Солнце давно уже перевалило за полдень, клонилось к западу, когда Егор подходил к Антоновке, отмахав за день более сорока верст. Последнюю часть пути он шел босиком, связанные за голенища ичиги болтались у него за спиной на палке, перекинутой через плечо. На небольшой горе, у подножия которой раскинулась Антоновка, Егор сел на придорожный камень, чтобы отдохнуть, обуться. Отсюда ему хорошо было видно обрамленный сопками поселок, станцию и линию железной дороги, уходящую долиной к лесистому хребту. Небольшая горная речка, протекающая серединой села, делила его надвое. Егор еще дома от стариков слышал, что население Антоновки смешанное: по одну сторону, ближе к станции, живут крестьяне и железнодорожные рабочие, по другую сторону речки – казаки Заиграевской станицы.
Большой, под цинковой крышей дом Саввы Саввича Пантелеева находился на самой середине казачьей половины села. Из числа антоновских казаков Пантелеев был самым богатым, но старожилы помнят, что происходил он из бедняков соседнего села и в Антоновке молодым парнем жил в работниках у своего будущего тестя, богача Антипина. Пробатрачив несколько лет, он женился на хозяйской дочке и после смерти тестя завладел всем его хозяйством, сам стал держать работников.
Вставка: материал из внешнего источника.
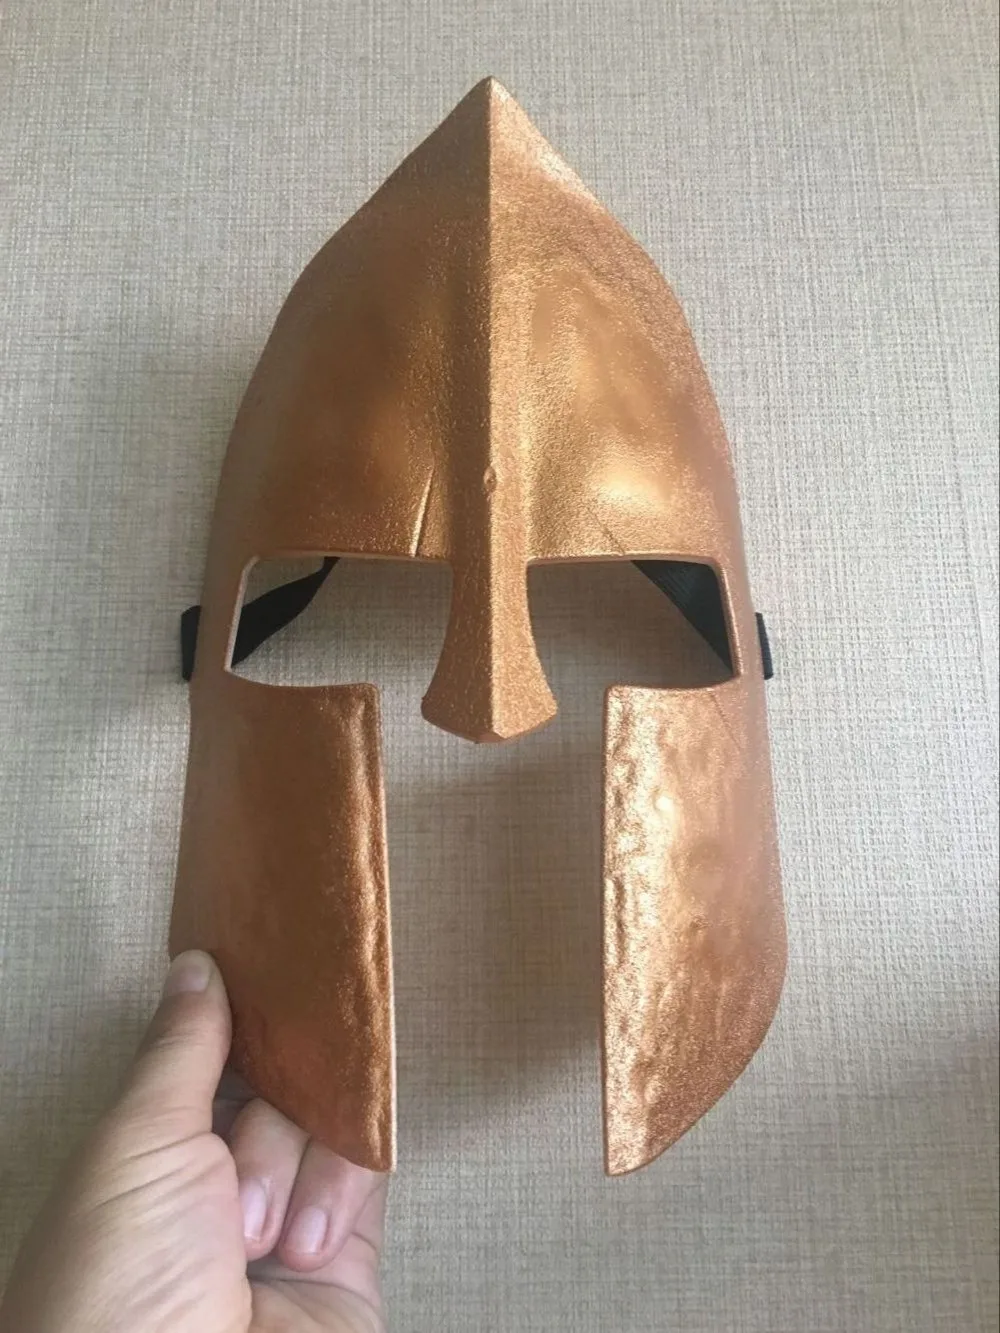 Косплей Спартанс 300 Маска Золотой шлем маска маскарад, вечеринка, Хэллоуин танец день рождения

Расчетливым, прижимистым хозяином оказался бывший батрак: знал он, когда, где и что нужно посеять, какие пашни бросить под залежь, чтобы впоследствии косить на них сено. Работники его ежегодно распахивали новые пашни из целины – залоги, как называют их в Забайкалье, потому и урожаи снимал хорошие. Дешевых рабочих рук у него было всегда достаточно, так как всю сельскую бедноту он закабалил, ссужая ее в голодное время хлебом. Поэтому богатство его с каждым годом росло и ширилось, и теперь Савва Пантелеев стал самым богатым казаком не только в их селе, но и в станице.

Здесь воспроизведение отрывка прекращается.